By understanding how this data structures work and how the compilers uses them, we can deduce the programmer’s intention, and retrieve some really valuable information!

You need to keep in mind though, that throughout the compilation process, there is a loss of some of the information that was present in the source code, such as comments or some implementation that the compiler has decided to optimize.

Variables

Variables are the most basic data structure of them all. What is really interesting for us here, is that there are some factors that will decide how variables are implemented, such as size, scope or storage.

The size of a variable and the architecture for which the program is compiled can make a huge difference in the final product.

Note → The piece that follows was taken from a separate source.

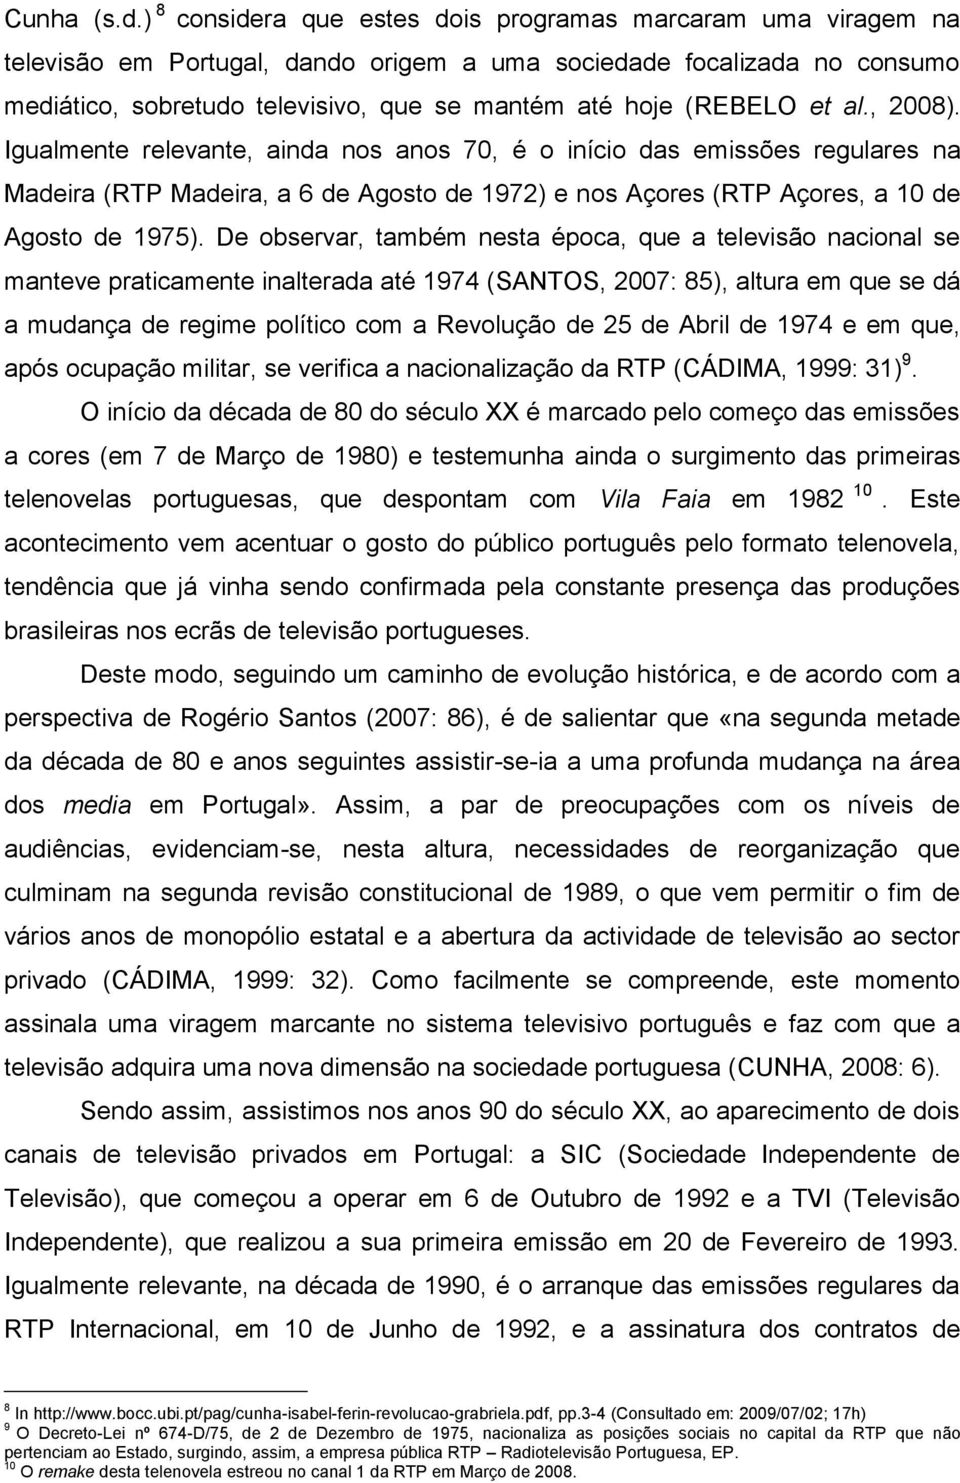 (REBELO et al., 2008). Igualmente relevante, ainda nos anos 70, é o início das emissões regulares na Madeira (RTP Madeira, a 6 de Agosto de 1972) e nos Açores (RTP Açores, a 10 de Agosto de 1975).
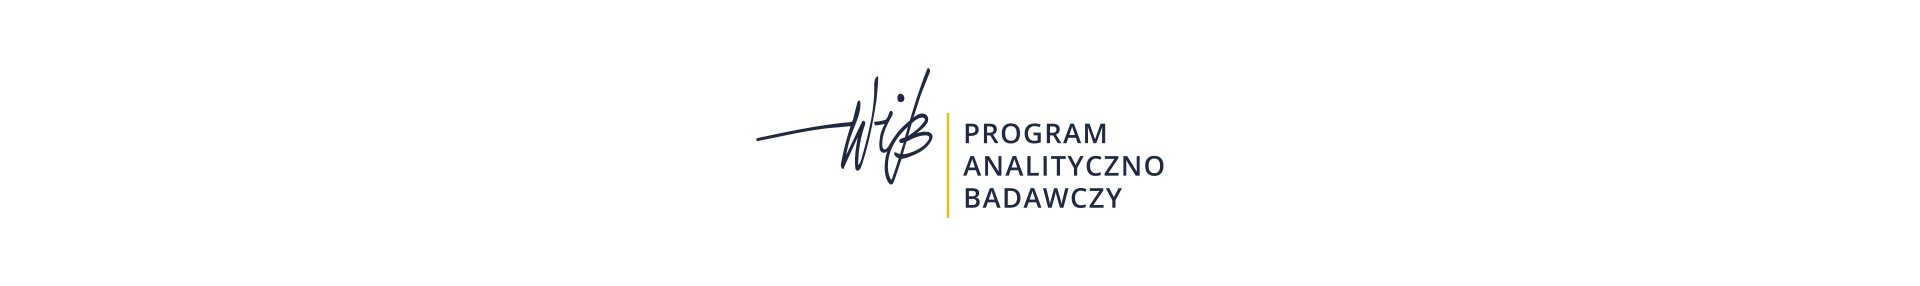 Program Analityczno-Badawczy WIB

Here are the sizes that a variable can have in a 32-bit architecture :

Type #bits Min. value Max. value
signed char 8 -127 127
unsigned char 8 0 255
short 16 -32768 32767
unsigned short 16 0 65535
int 32 -2147483648 2147483647
unsigned int 32 0 4294967295
long 32 -2147483648 2147483647
unsigned long 32 0 4294967295
long long 64 -(2^63) (2^63) - 1
unsigned long long 64 0 (2^64) - 1

For 64-bit architectures, there are several options, which can be summarized in the following table :

Type LP64 ILP64 LLP64
char 8 8 8
short 16 16 16
_int32 x 32 x
int 32 64 32
long 64 64 32
long long x x 64
pointer 64 64 64

If you are really nerdy and want some more information you can read this paper (it is pretty easy and fast to read).

Now that we know the sizes that any variables can have, let’s get our hands dirty. For the examples that I will be showing I am going to use a tool called Compiler Explorer, which I consider to be one of the best tools to use if you are getting started in Reverse Engineering.

In the following picture, we can observe the disassembly for two different architectures:

intel 32/x86 (bottom left one) and ARM (right one).

Untitled

To see how the sizes change in the intel assembly, we need to look closely and find the qualifiers BYTE, WORD, DWORD and QWORD. A WORD is equivalent to 2 bytes (16 bits), a DWORD to 4 bytes (32 bits) and a QWORD to 8 bytes (64 bits).

In ARM, things are a little bit different, and you can see that in order to access memory we always need to perform load and store operations.

The suffix (last character) in the instructions shows us the size that the instruction wants to deal with. For instance, the strb instructions will store a byte, strh will store 2 bytes, str stores 4 bytes and strd stores 8 bytes.

To finish this variables’ section, I’d like to walk you through the other two factors that can be modified in a variable, which are scope and storage.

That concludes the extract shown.